If there are no errors above, then MRJob is properly installed in the system and ready to use.  Let's create a simple MapReduce program to test.  This will save the contents of the cell into a file named wordcount.py so that we can execute it later.

In [None]:
%%file letter_count.py
from mrjob.job import MRJob
import re

class LetterCount(MRJob):
    def mapper(self, key, value):
      splits = re.split('[\s]', value)
      word = splits[0].lower()
      count = splits[1]
      starting_letter = word[1]
      if starting_letter == "x":
        yield starting_letter, int(count)

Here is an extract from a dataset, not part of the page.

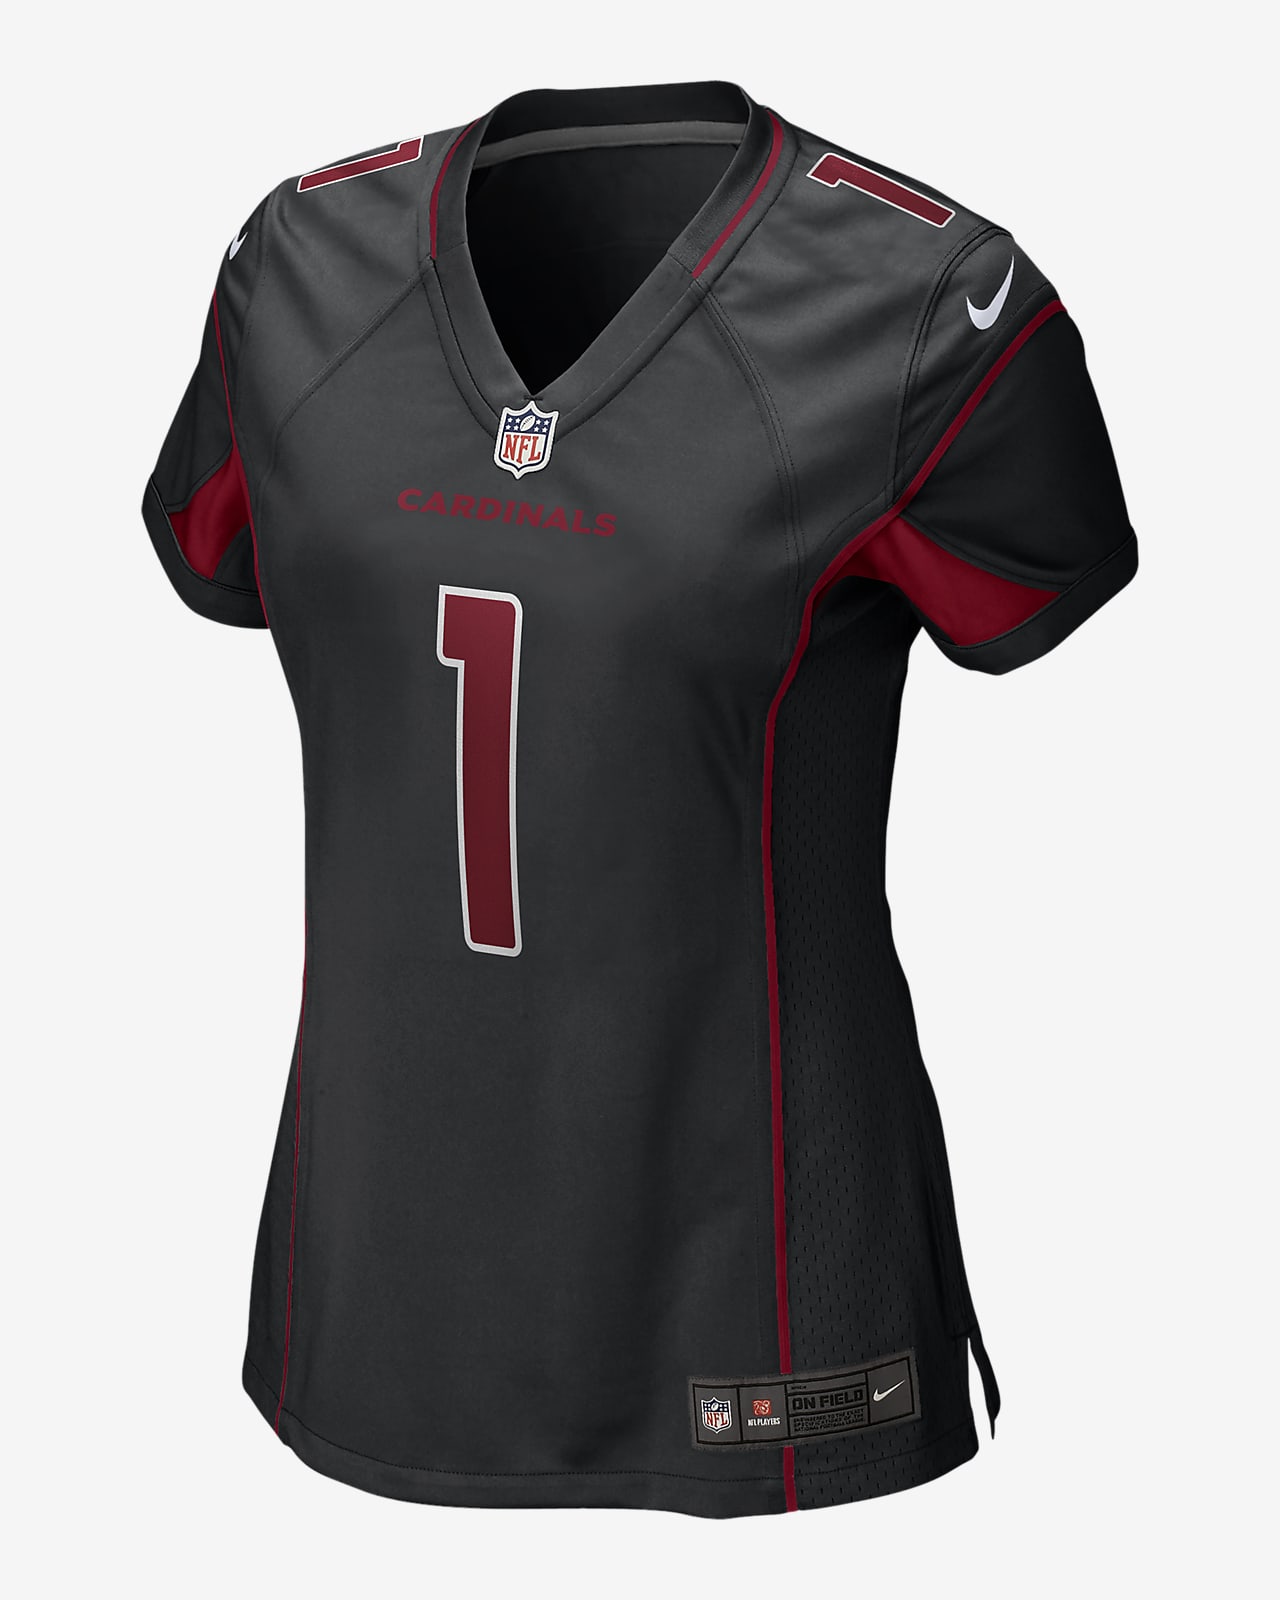 Camiseta de fútbol americano Game para mujer NFL Arizona Cardinals (Kyler Murray)

    def reducer(self, key, values):
        yield key, sum(values)

if __name__ == '__main__':
     LetterCount.run()

Overwriting letter_count.py


In [None]:
%%file wordcount.py
from mrjob.job import MRJob
import re

class WordCount(MRJob):
    def mapper(self, key, value):
      words = [s.strip() for s in re.split('[\s]', value) if s]
      for word in words:
        yield word, 1

    def reducer(self, key, values):
        yield key, sum(values)

if __name__ == '__main__':
     WordCount.run()

Overwriting wordcount.py


Now that the code is saved to a file, we can run it.  This will run it locally (not on Hadoop) and process any file you pass in as the first argument.  The result will simply print to the console.

In [None]:
!python wordcount.py pg67979.txt > word-count.out

No configs found; falling back on auto-configuration
No configs specified for inline runner
Creating temp directory /tmp/wordcount.root.20230503.124836.656580
Running step 1 of 1...
job output is in /tmp/wordcount.root.20230503.124836.656580/output
Streaming final output from /tmp/wordcount.root.20230503.124836.656580/output...
Removing temp directory /tmp/wordcount.root.20230503.124836.656580...


In [None]:
!du -hs *

792K	98-0.txt
792K	98-0.txt.1
4.0K	alpha-count.out
4.0K	letter_count.py
420K	pg67979.txt
55M	sample_data
176K	word-count.out
4.0K	wordcount.py
16K	word-freq.out


In [None]:
!head -10 word-count.out

"appreciate"	1
"appreciation"	1
"apprehension."	1
"approach"	2
"approaching"	1
"approval."	2
"approved"	1
"approved."	1
"apron"	2
"apt"	3


In [None]:
!python letter_count.py word-count.out

No configs found; falling back on auto-configuration
No configs specified for inline runner
Creating temp directory /tmp/letter_count.root.20230503.125940.661568
Running step 1 of 1...
job output is in /tmp/letter_count.root.20230503.125940.661568/output
Streaming final output from /tmp/letter_count.root.20230503.125940.661568/output...
"x"	72
Removing temp directory /tmp/letter_count.root.20230503.125940.661568...


In [None]:
!tail -20 word-count.out

"settled"	1
"settled,"	1
"settled."	1
"seven"	1
"seven,"	1
"seven."	2
"seventeen"	2
"seventeen,\u201d"	1
"seventy"	2
"several"	11
"severe"	1
"severed"	1
"severely"	1
"severely."	2
"sew"	1
"sew."	1
"sewing"	1
"shabby"	4
"shabby,"	2
"shabby\u2014nobody"	1


As you can see, it lists all the unique words in the source code and how often each one occured.